Cerulean: Titian Blue

cerulean (adj.) Look up cerulean at Dictionary.com1660s, with -an + Latin caeruleus “blue, dark blue, blue-green,” perhaps dissimilated from caelulum, diminutive of caelum “heaven, sky,” of uncertain origin (see celestial). The Latin word was applied by Roman authors to the sky, the Mediterranean, and occasionally to leaves or fields. As a noun, from 1756.

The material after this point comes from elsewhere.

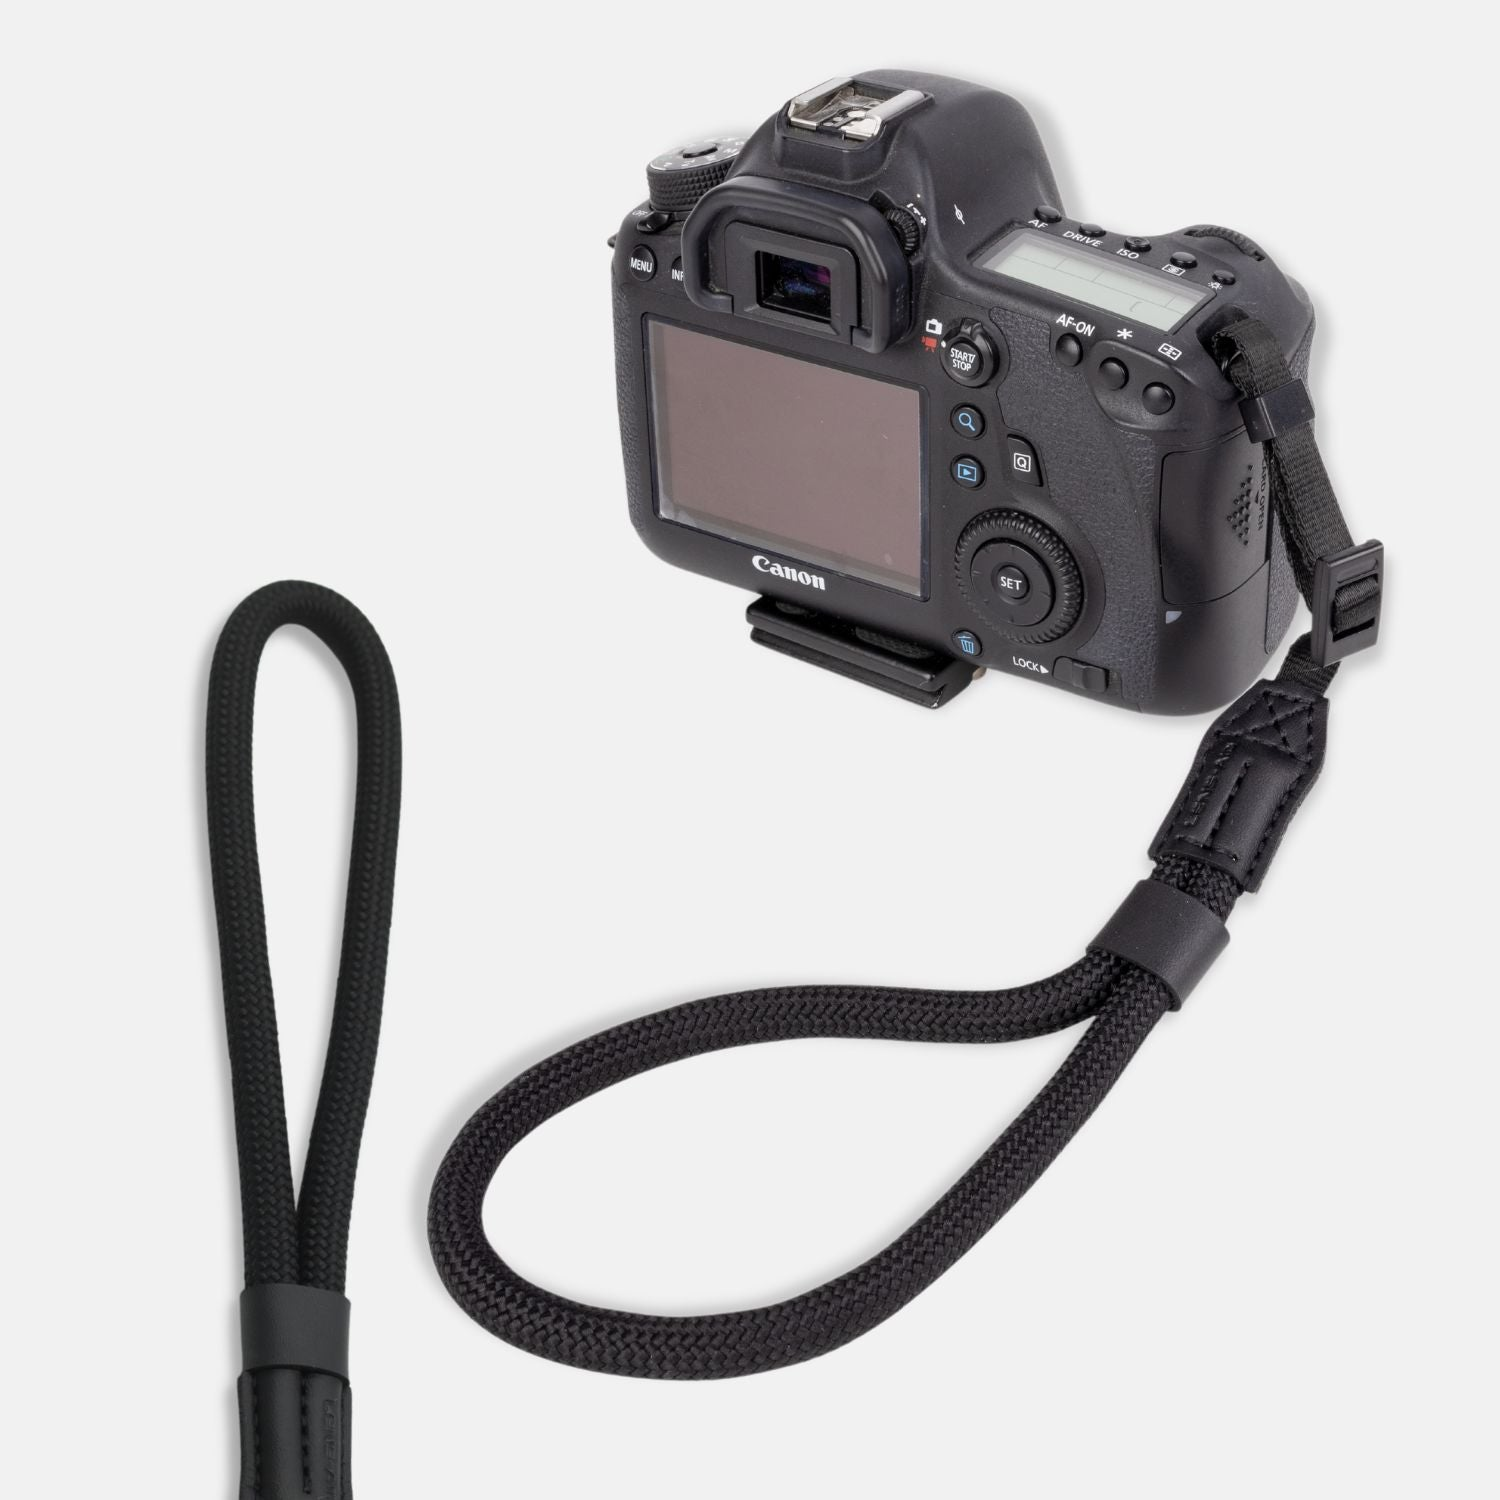 Handschlaufe, Schwarz, Sony schmale Fujifilm, Nikon, für kleine Olympus, oder Handschlaufe Leica für in passend Ösen, Alpha, Seil-Optik LENS-AID Kamera Canon,

What a wonderful, colourful word that can be applied equally to sea and sky, to leaves and fields.  I associate it with Titian blue, the blue that frames the hapless, helpless cries of Ariadne as Theseus sails away and the moment in which she glimpses the leaping figure of Bacchus, new-sprung from his chariot to rescue her.  Look at the blue of the water, of Ariadne’s robe and then the blue of the sky above – in which she already exists, transformed, as a crowning constellation of stars.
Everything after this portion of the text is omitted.